The discounting of Arthur Griffith and of the early Sinn Féin is an elision of real significance and contemporary import. It is made possible by the idea that Griffithian Sinn Fein is little more than a collateral beneficiary of the 1916 rising: a colleague of mine wittily compares this idea to Griffith having invented an app that everyone suddenly needed to get hold of. The idea is the reflux of a coarse historiography organised around a retrospectively arranged categorisation of winners and losers of the rising, with the pre-1916 Sinn Féin (never mind the Irish party) relegated to a periphery of forgotten controversies. The idea that the Sinn Féin party that won the election of December 1918 is merely a projectile of the rising is a crudely anachronistic fallacy. In contemporary Irish politics, there is a vampiric symmetry in the party that purloined the forsaken name of “Sinn Féin” sedulously promoting that fallacy, and seeking thereby to efface the memory of the original Sinn Féin and of Arthur Griffith.

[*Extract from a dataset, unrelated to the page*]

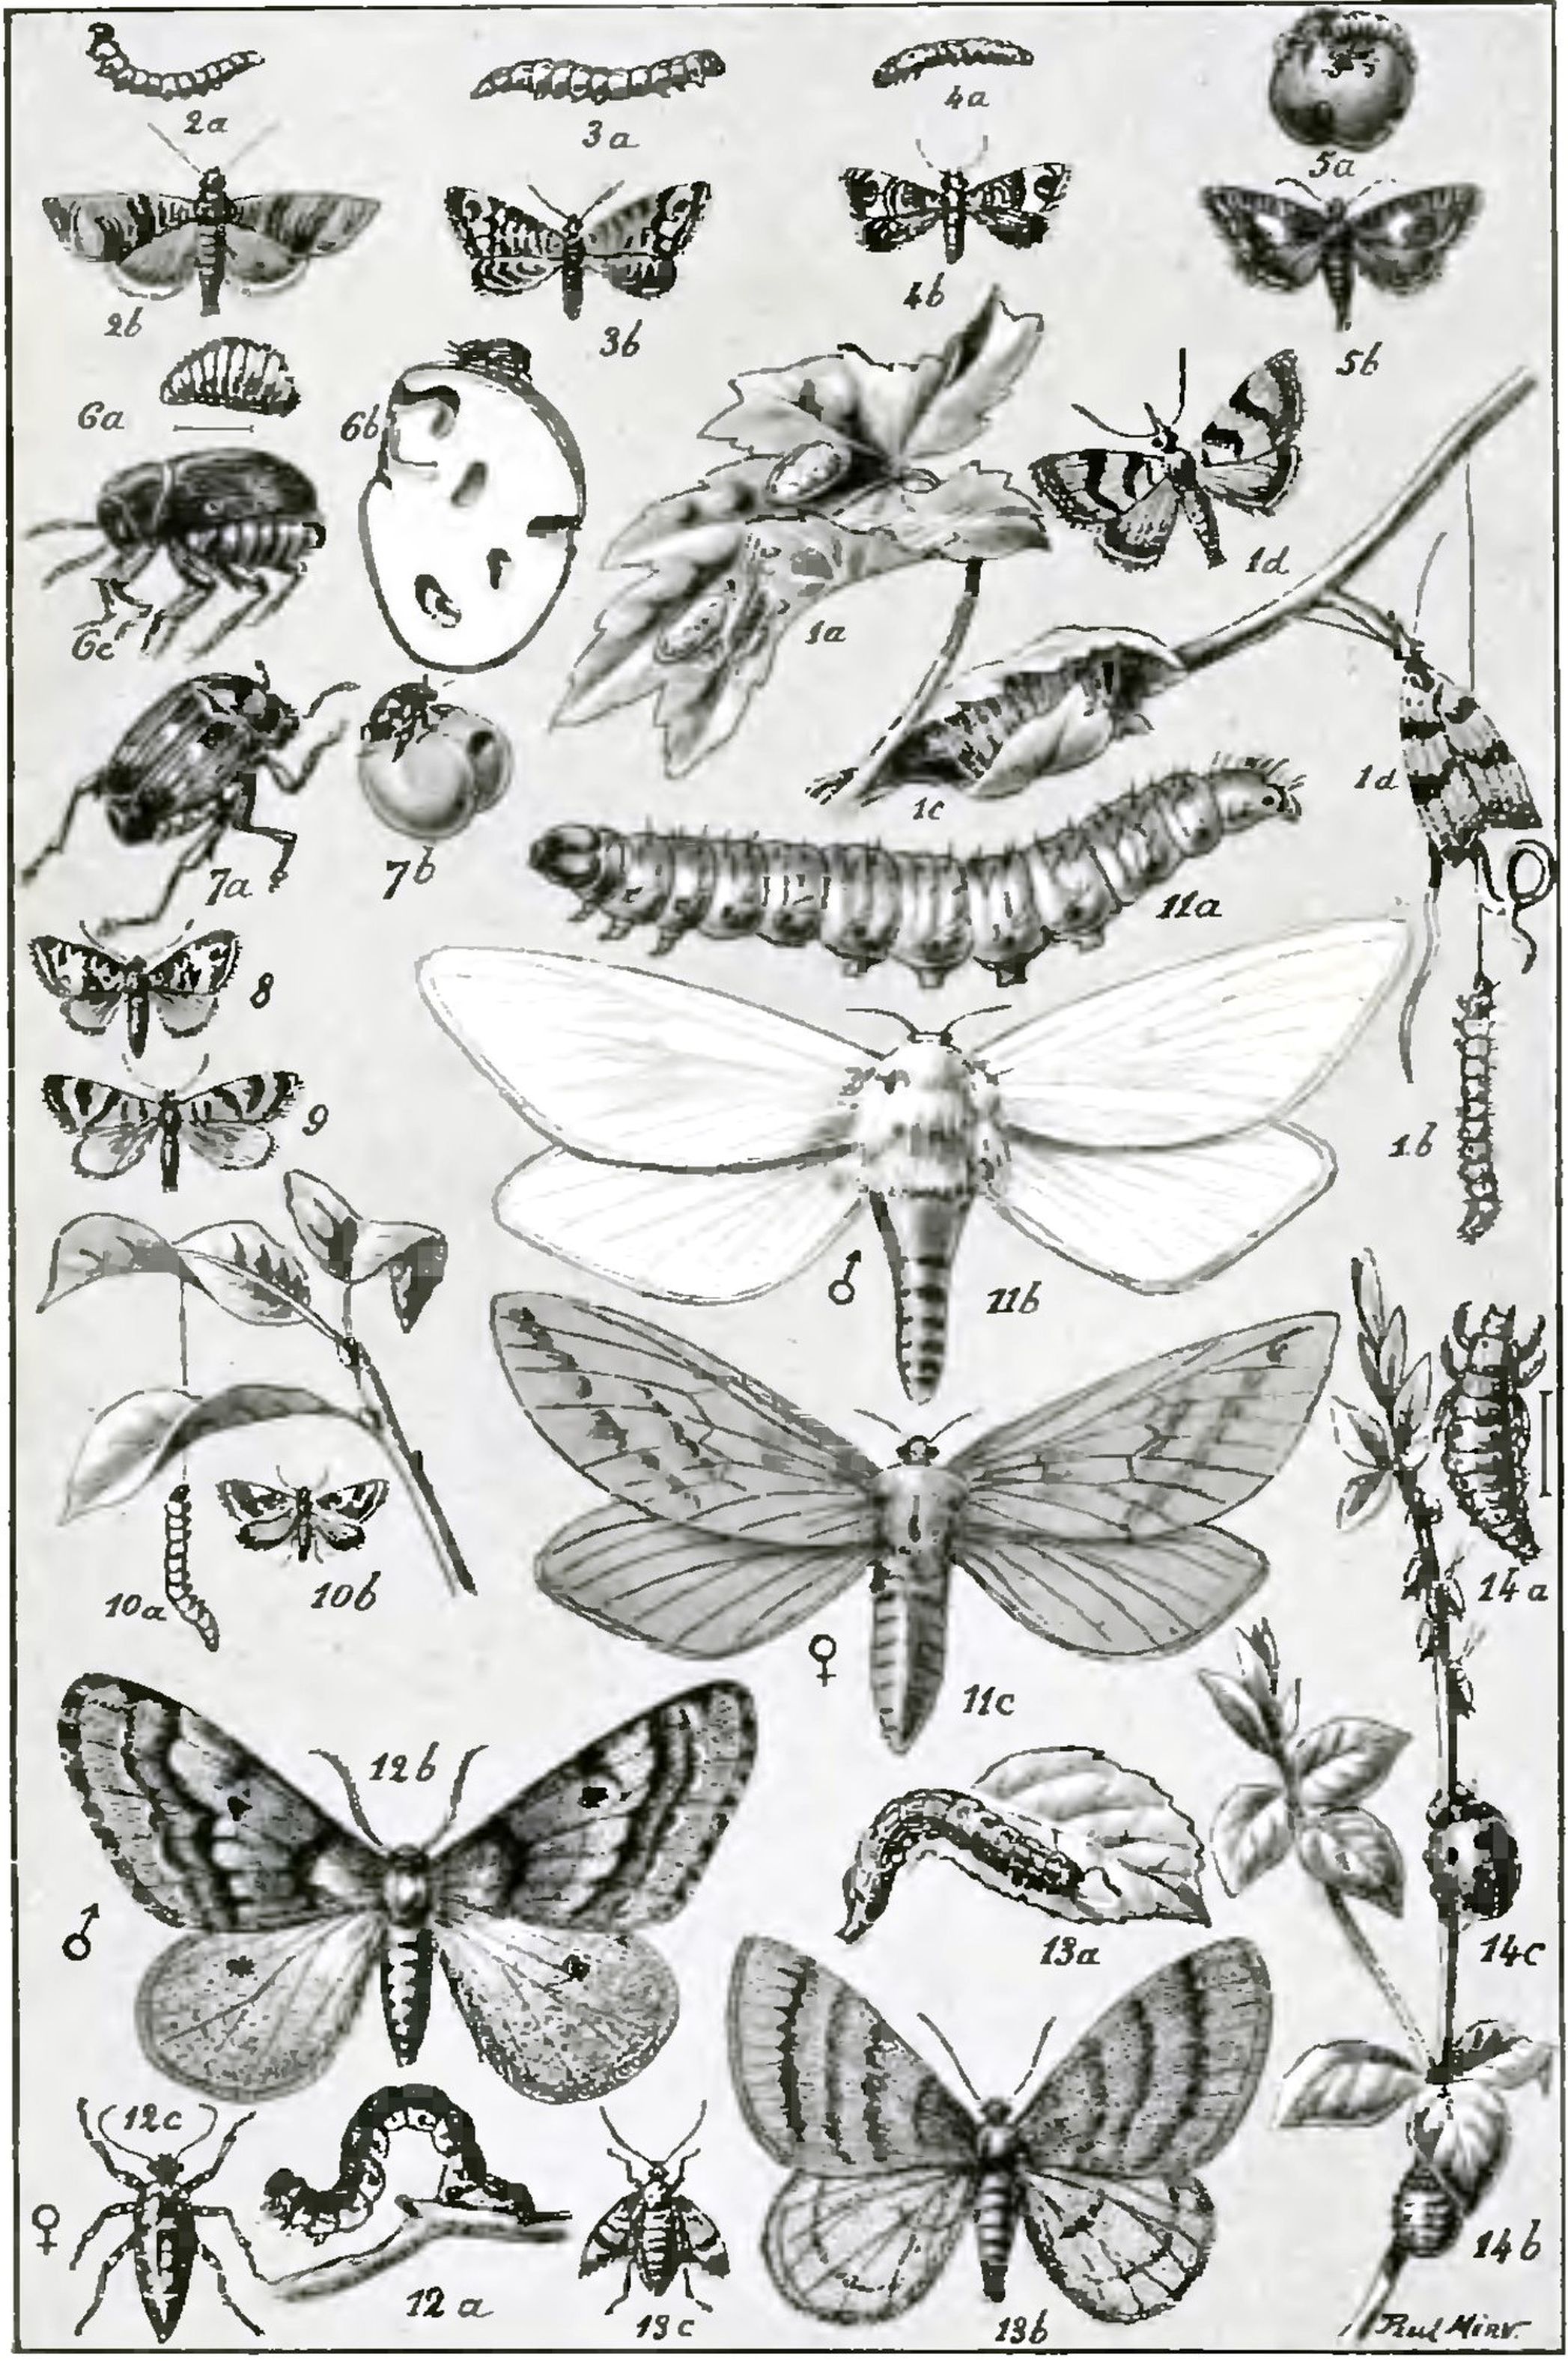 Août 2021 - Les Ravageurs. Récits sur les insectes nuisibles à l'agriculture / J.-H. Fabre, 1918. BM Reims, P 19002

Owen McGee’s biography of Griffith, bristling in dissentience, partakes of something of the magnificent doggedness of its subject.
Frank Callanan is a Senior Counsel practising in Dublin and a historian. He has written The Parnell Split (1992) and T. M. Healy (1996). He is currently writing a book on the influence of Parnell and of the Parnell split on James Joyce, and Joyce’s treatment of the Parnell myth.